In [1]:
import pandas as pd
pd.set_option('display.max_rows', 500)

In [2]:
data_artificial = pd.read_csv("data/20210205_all_expt_data_no_duplicates_solvent_calcs.csv")


In [3]:
# several molecules have 0 in experimetnal absorption results
data_artificial = data_artificial[data_artificial["peakwavs_max"] != 0]

In [4]:
# convert nm to ev
def nm2ev(wv):
    if wv is not None:
        return 1239.8 / wv
    else:
        return wv

In [5]:
# check problematic pigments which have short SMILES strings and 
# have a strong difference between experimental and computed data
# it is highly likely they are artifacts of text mining

# slope and intercept are the parameters colaculated by Greenman et al.
# to remove systematic error of TD-DFT calculation
slope = 1.82
intercept = 226.8

data_short_smiles = data_artificial[data_artificial["smiles"].apply(len) < 15]
difference = abs(data_short_smiles["peakwavs_max"] - slope * data_short_smiles["wb97xd3_def2svpd_orca_vac"] + intercept)

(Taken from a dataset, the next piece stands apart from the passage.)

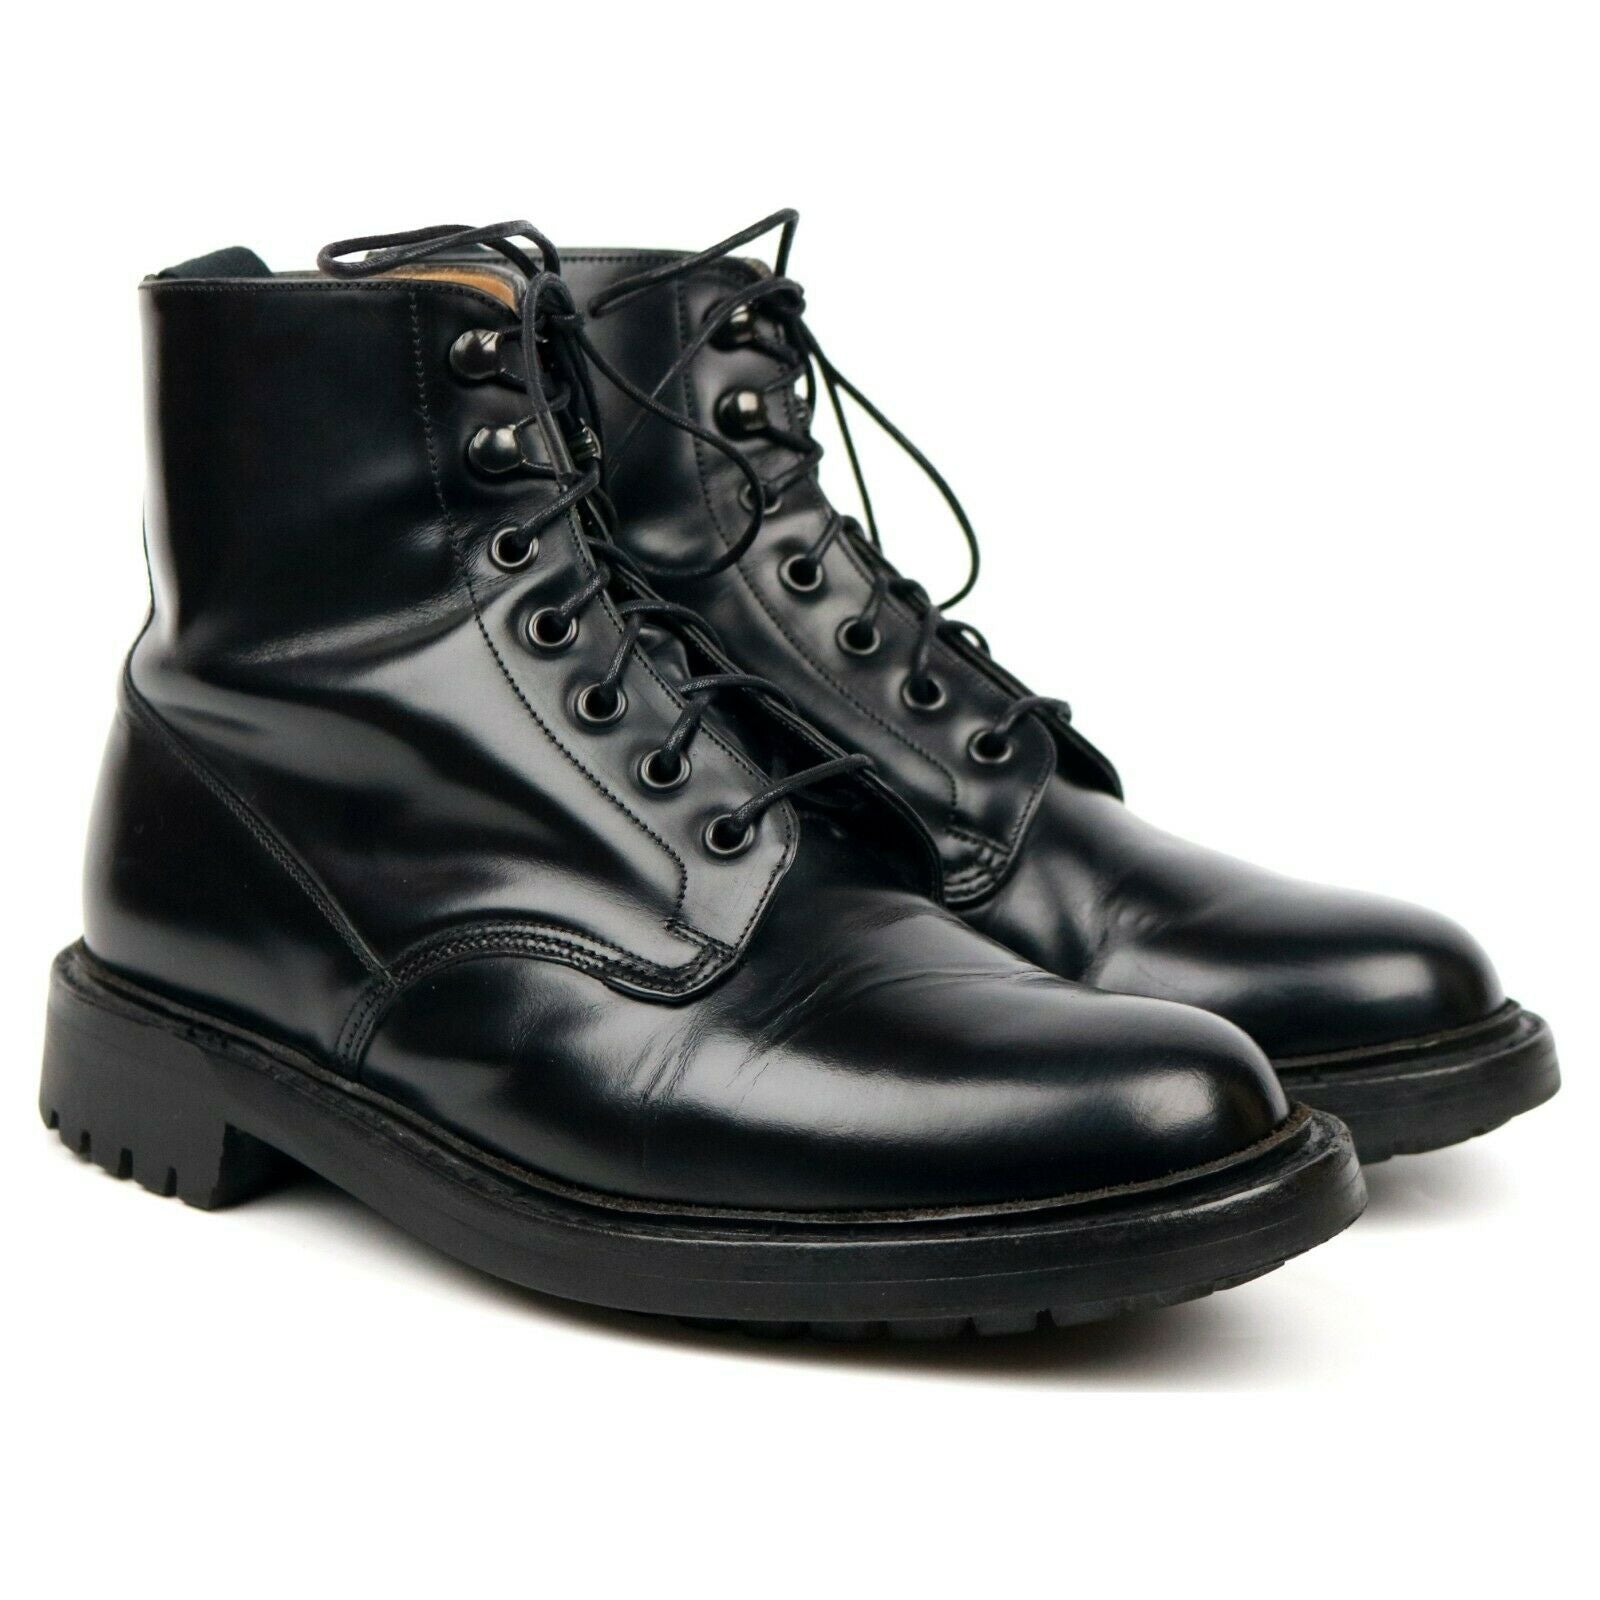 Black Leather Derby Boots UK 6.5 G 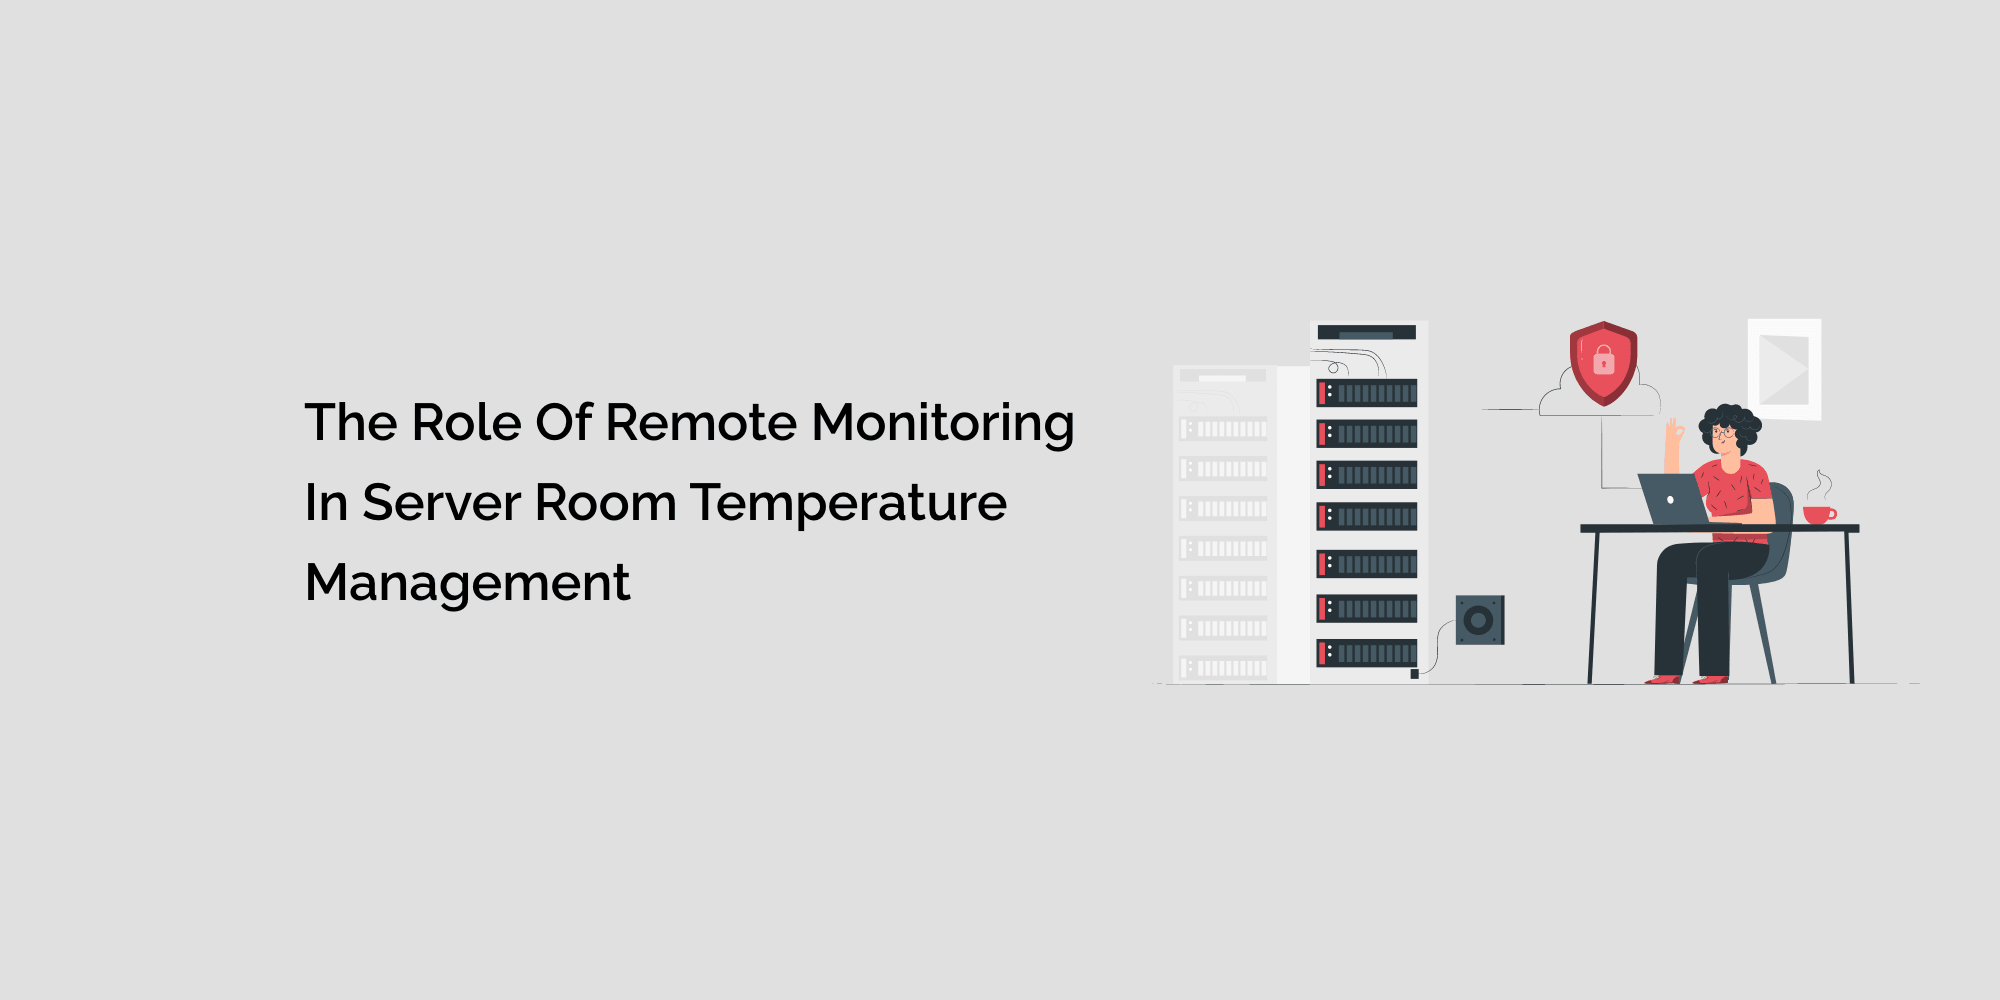 The Role of Remote Monitoring in Server Room Temperature Management

# we set a threshhold for difference between experimental and predicted values
suspicious_SMILES = data_short_smiles[difference.isna() | (difference > 100.)]["smiles"]
len(suspicious_SMILES)

46

In [6]:
# Examine where calculated data is different more than 100 nm from the experiment
# In this case there are potentially molecules which are not recognized correctly
# add these data to previously selected suspicious smiles

difference = abs(data_artificial["peakwavs_max"] - slope * data_artificial["wb97xd3_def2svpd_orca_vac"] + intercept)
suspicious_SMILES = data_artificial[difference > 100.]["smiles"] + suspicious_SMILES
len(suspicious_SMILES)

1815

In [7]:
# delete these suspicious SMILES string
data_artificial = data_artificial[~data_artificial["smiles"].isin(suspicious_SMILES)] 
len(data_artificial)

21144

In [8]:
# nm to eV conversion

data_artificial["peakwavs_max"] = data_artificial["peakwavs_max"].apply(nm2ev)

In [9]:
# !!! a set of natural compounds with wB97XD4 with TDA and solvation model calculated vertical excitation energies
# !!! this file does not come with the repo
# !!! To get it the input files has to be generated, and calculations should be run to get lowest excitation energies 
# !!! and merged with the dataset of natural compounds

natural_compounds = pd.read_csv("data/pigments_wb97xd4_tda_solv.csv")

In [10]:
# wb97xd4 - tda demonstrates a systematic error to remove it use slope and intercept obtained from linear models
# this is necessary to obtain linear unbiased estimation of mean absolute errors

slope = 0.71839382
intercept = 0.3203683403913211

natural_compounds["mae"] = abs(intercept + slope * natural_compounds['wavelength_wb97xd_tda_solvent'] - natural_compounds['lambda_max'])

In [11]:
# absorption energies are here in electron-volts;
# remove outliers from natural compounds dataset

len(natural_compounds[natural_compounds["mae"] < 0.5])

595

In [12]:
natural_compounds = natural_compounds[natural_compounds["mae"] < 0.5]
# rename column 'lambda_max' to "peakwavs_max"
natural_compounds['peakwavs_max'] = natural_compounds['lambda_max']
del natural_compounds['lambda_max']

In [14]:
# create train - test splitting for both ariticial and natural compounds
train_artificial = data_artificial.sample(frac = 0.9, random_state=42)
test_artificial = data_artificial.drop(train_artificial.index)
train_natural = natural_compounds.sample(frac = 0.9, random_state=4200)
test_natural = natural_compounds.drop(train_natural.index)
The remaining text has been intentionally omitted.